The fighting in Azaz began when a wounded rebel – either from ISIS or from an allied group, al-Muhajireen – was taken to a field clinic and, while there, he was filmed as part of a fundraising exercise.
The wounded fighter demanded the film, and called some of his friends to come and help him.
Free Syrian Army (FSA) rebels from a unit called the Northern Storm brigade were guarding the field clinic, and there was a confrontation which ended up with ISIS launching a full attack on the town, pushing out the Northern Storm brigade.
ISIS is reported to have made a number of arrests of activists, journalists and even Sharia court officials during the time it controlled Azaz.

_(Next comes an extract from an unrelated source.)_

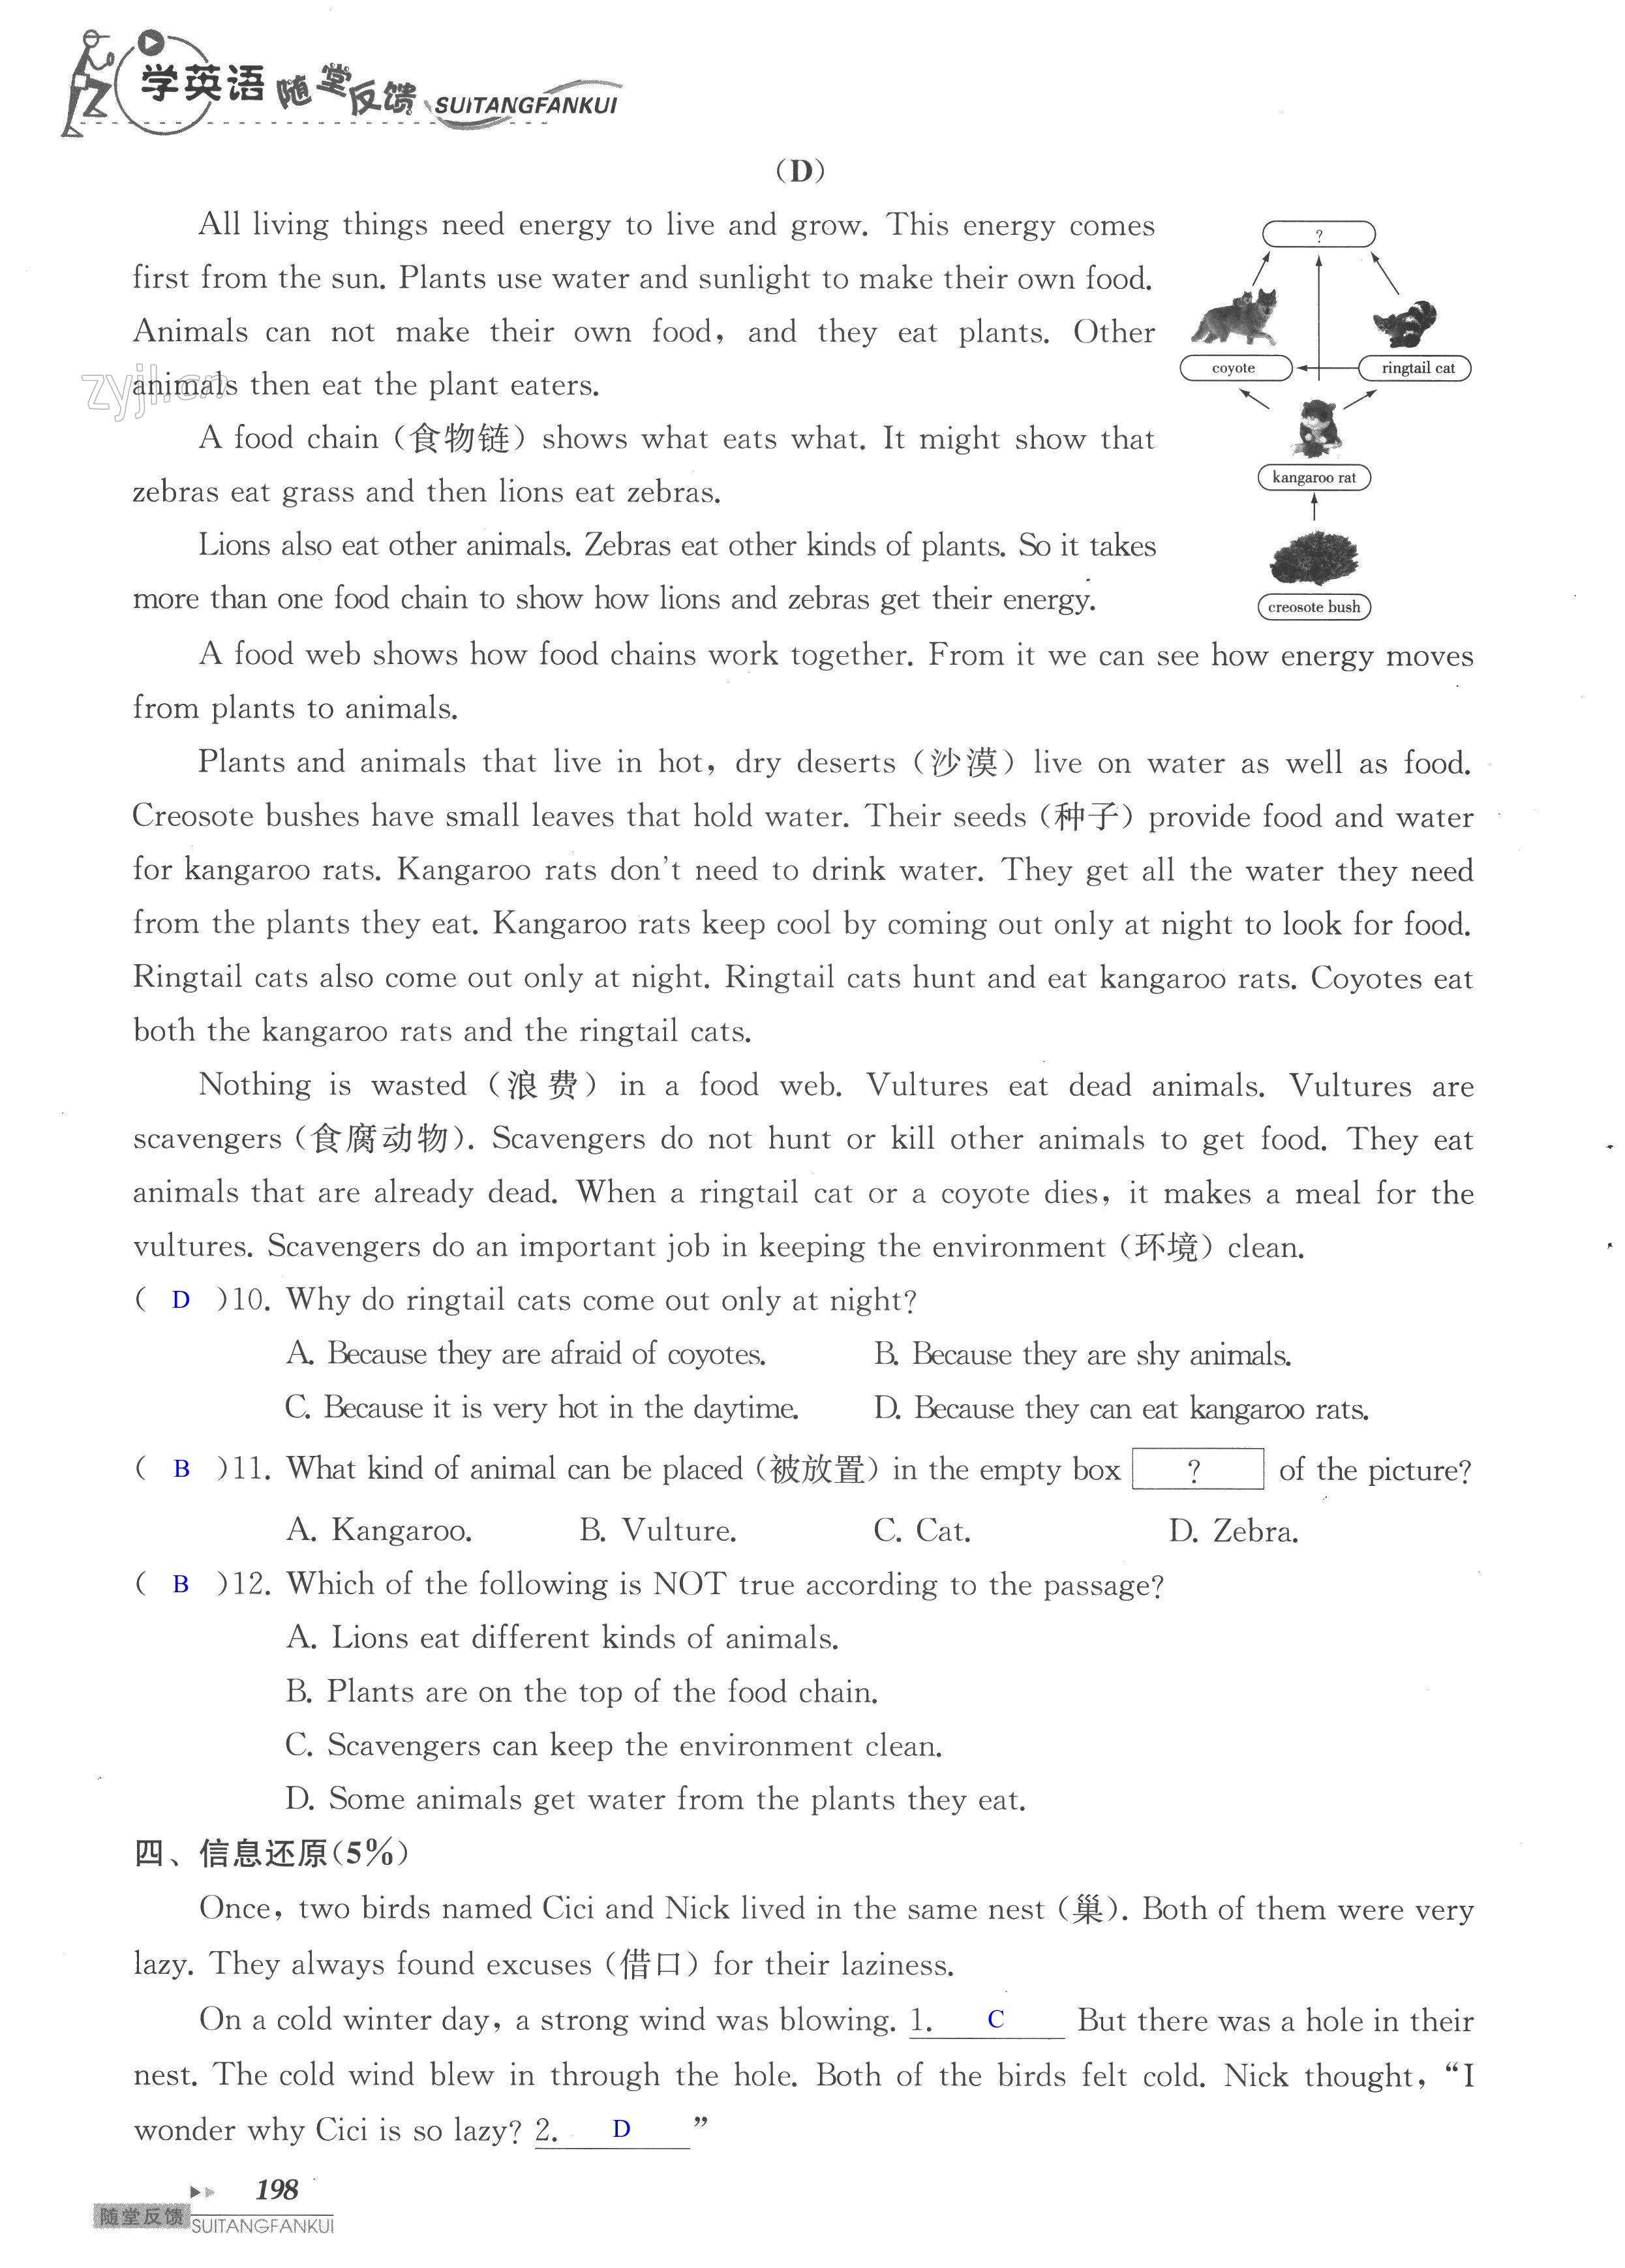 单元综合测试卷 Test for Unit 6 of 8A - 第198页

One eyewitness inside the town said no-one was smoking on the streets – tobacco is forbidden according to strict Islamist doctrine.
While the Azaz violence seems to have been the result of a particular set of circumstances rather than a long-planned offensive, our correspondent says there is a record of skirmishes between the Jihadis and FSA brigades for control of the border crossings into Turkey.
Meanwhile, the party of Syria’s Deputy Prime Minister Qadri Jamil insists he was misquoted in Friday’s edition of the UK’s Guardian newspaper.
Qadri Jamil reportedly told the paper that the civil war had reached stalemate, with neither government forces nor the rebels strong enough to win – and that the government would use proposed talks in Geneva to call for a ceasefire.
But the People’s Will Party said the Guardian journalist was ”neither precise nor professional” about what he quoted Qadri Jamil as saying.
Iranian President Hassan Rouhani has said Tehran is ready to help broker peace in Syria, as part of what he called his country’s “constructive engagement” policy with other nations.
In an article in the Washington Post newspaper, Hassan Rouhani wrote: “We must create an atmosphere where peoples of the region can decide their own fates.”
Correspondents say the article is the latest signal that Hassan Rouhani wants to improve Iran’s relationship with the US and other countries that believe Iran is developing nuclear weapons.